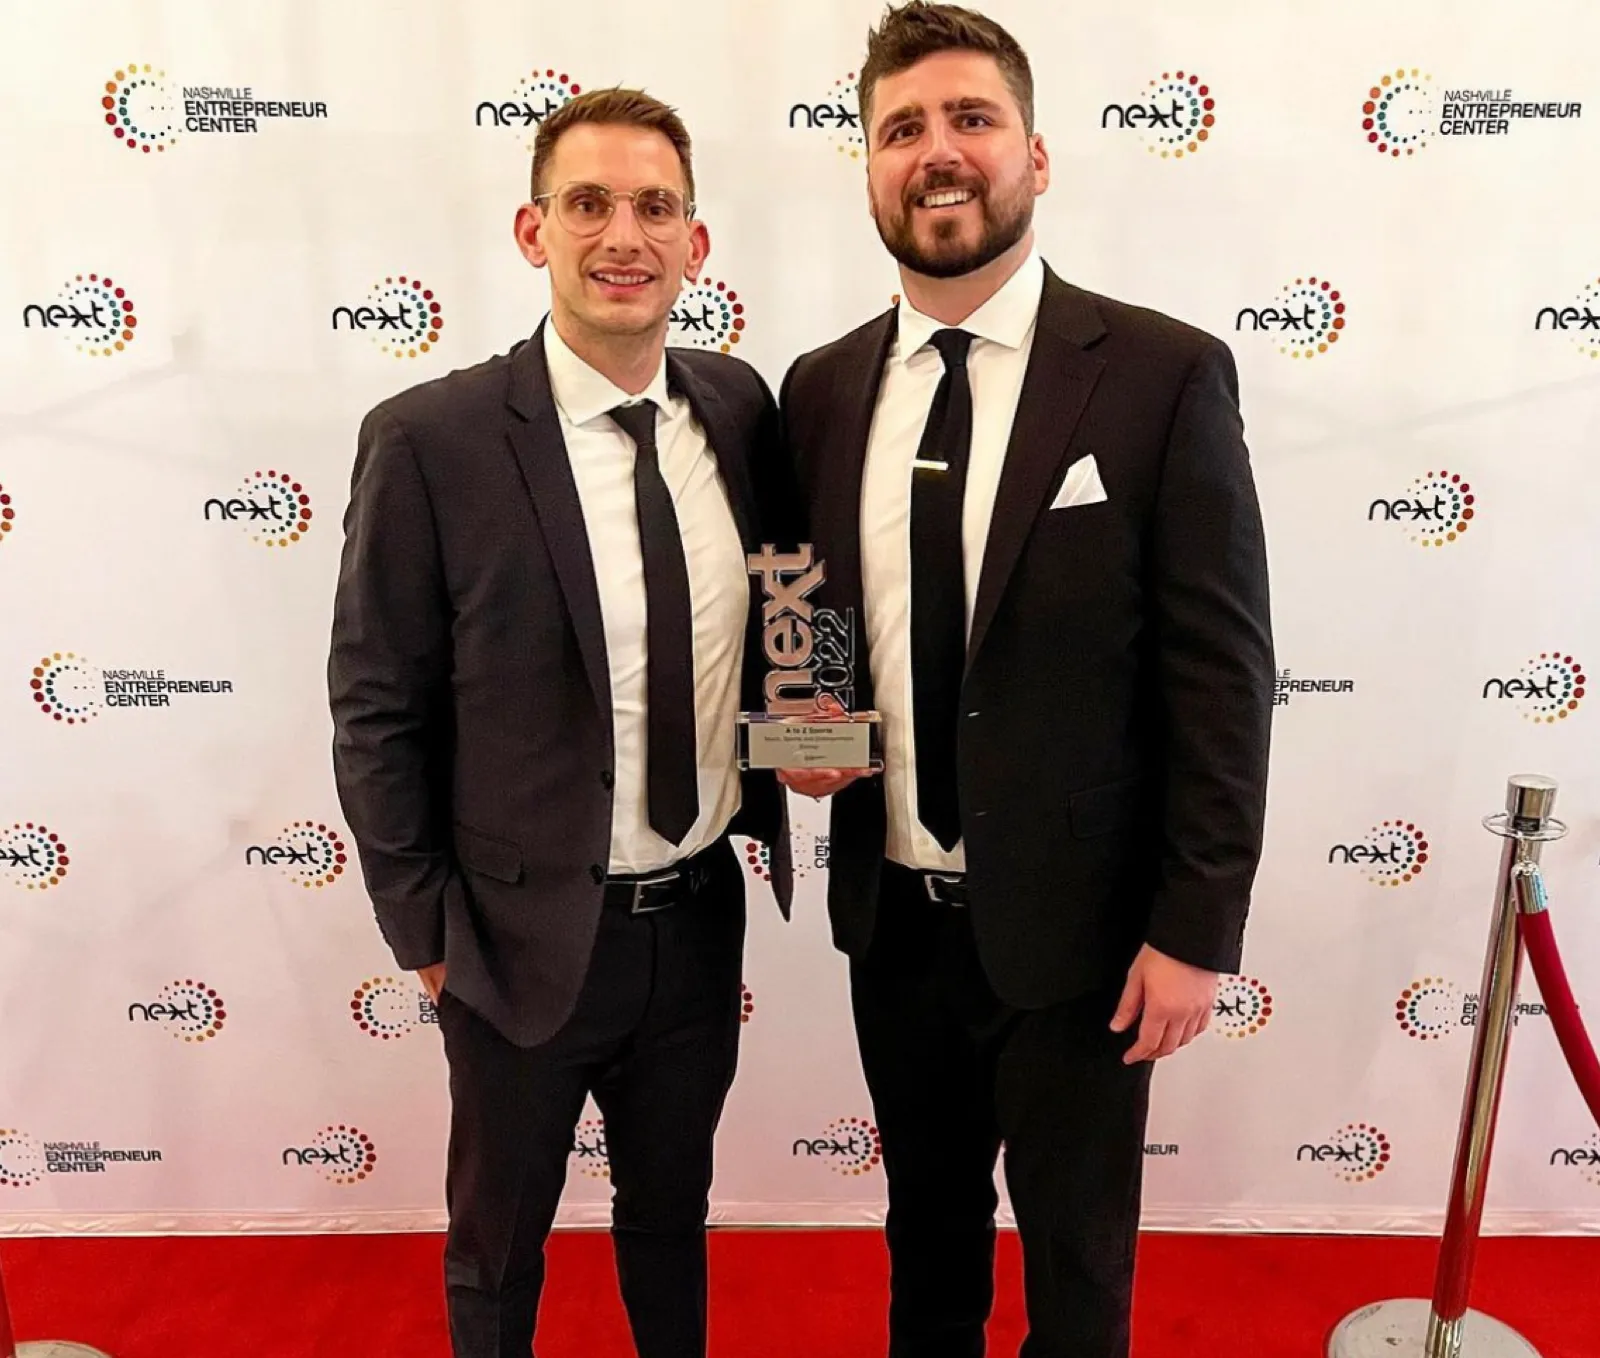 The A to Z co-founders accept an award
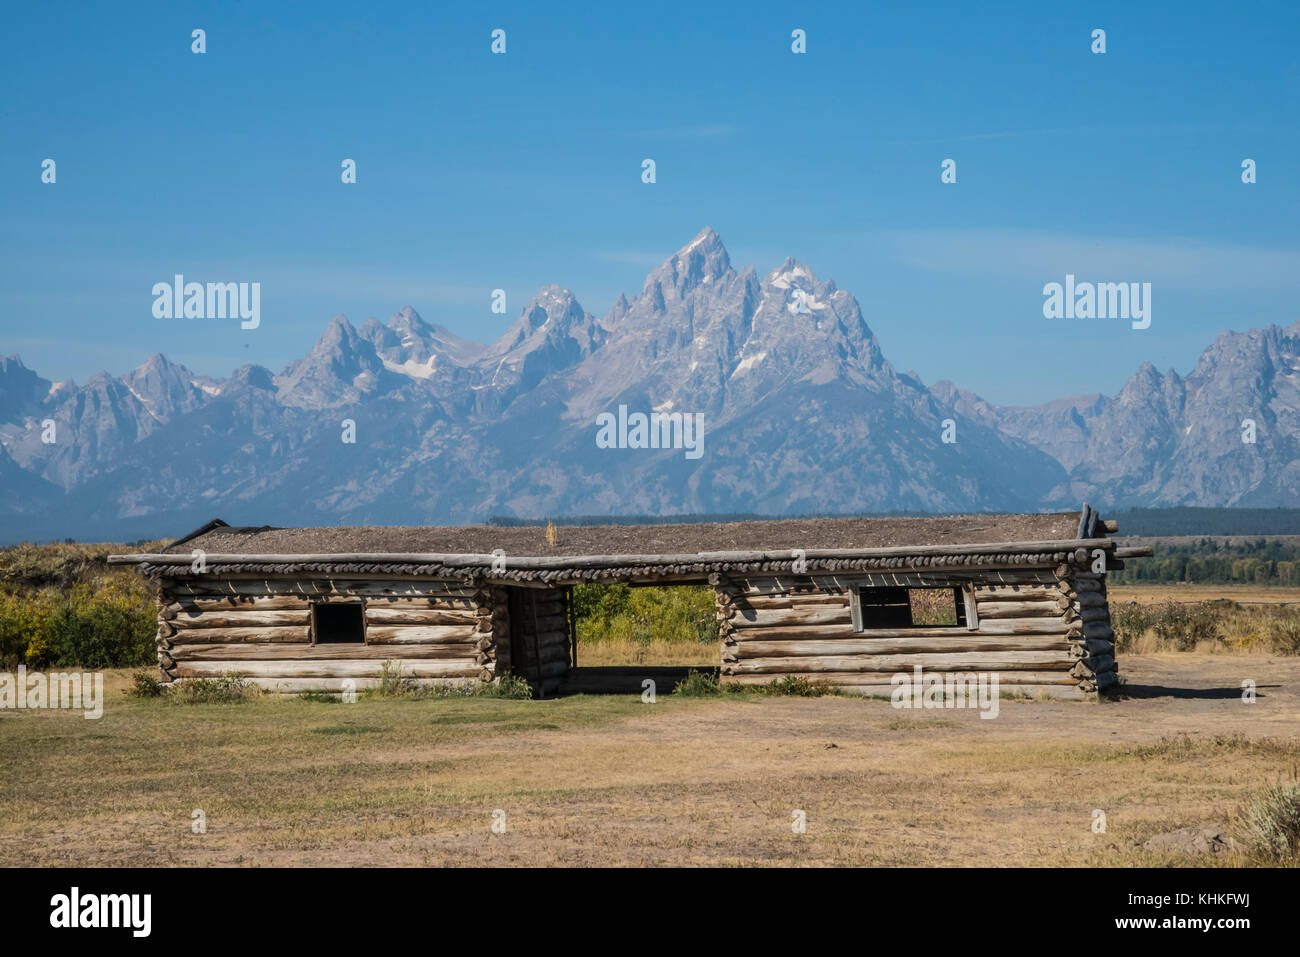 Cunningham cabin and ranch overlooking the Grand Teton National Park, Wyoming Stock Photo
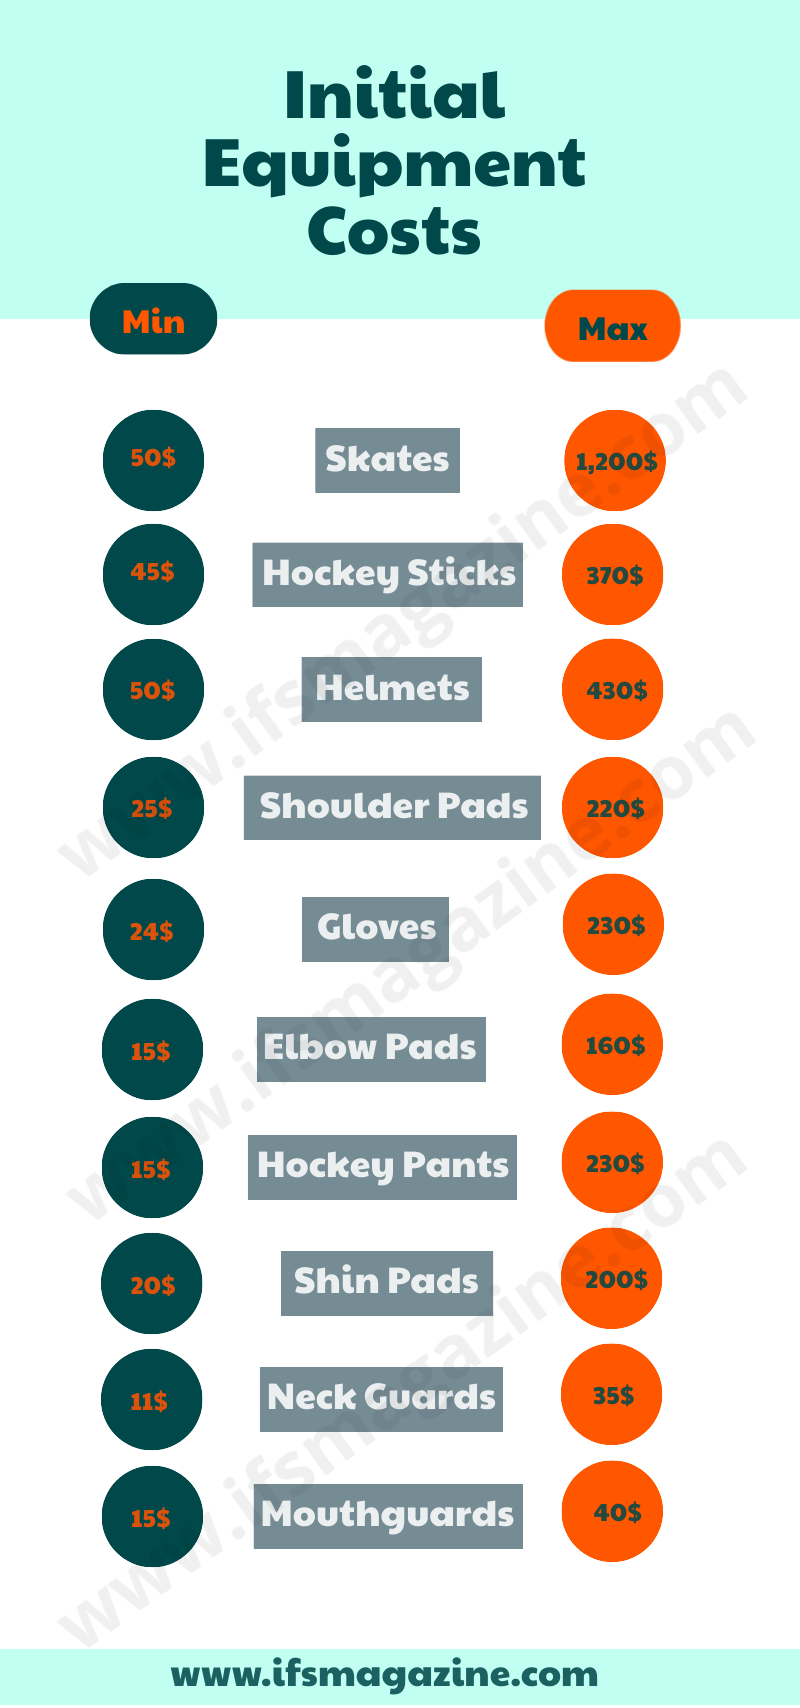 This infographic show how much cost hockey equipment
******************************
**REQUIRED ACTION**
A word-for-word copy of the material is required; pictures stay out of it.

**EXERCISE RESULT**
 The A to Z co-founders accept an award
 Cunningham cabin and ranch overlooking the Grand Teton National Park, Wyoming Stock Photo
 This infographic show how much cost hockey equipment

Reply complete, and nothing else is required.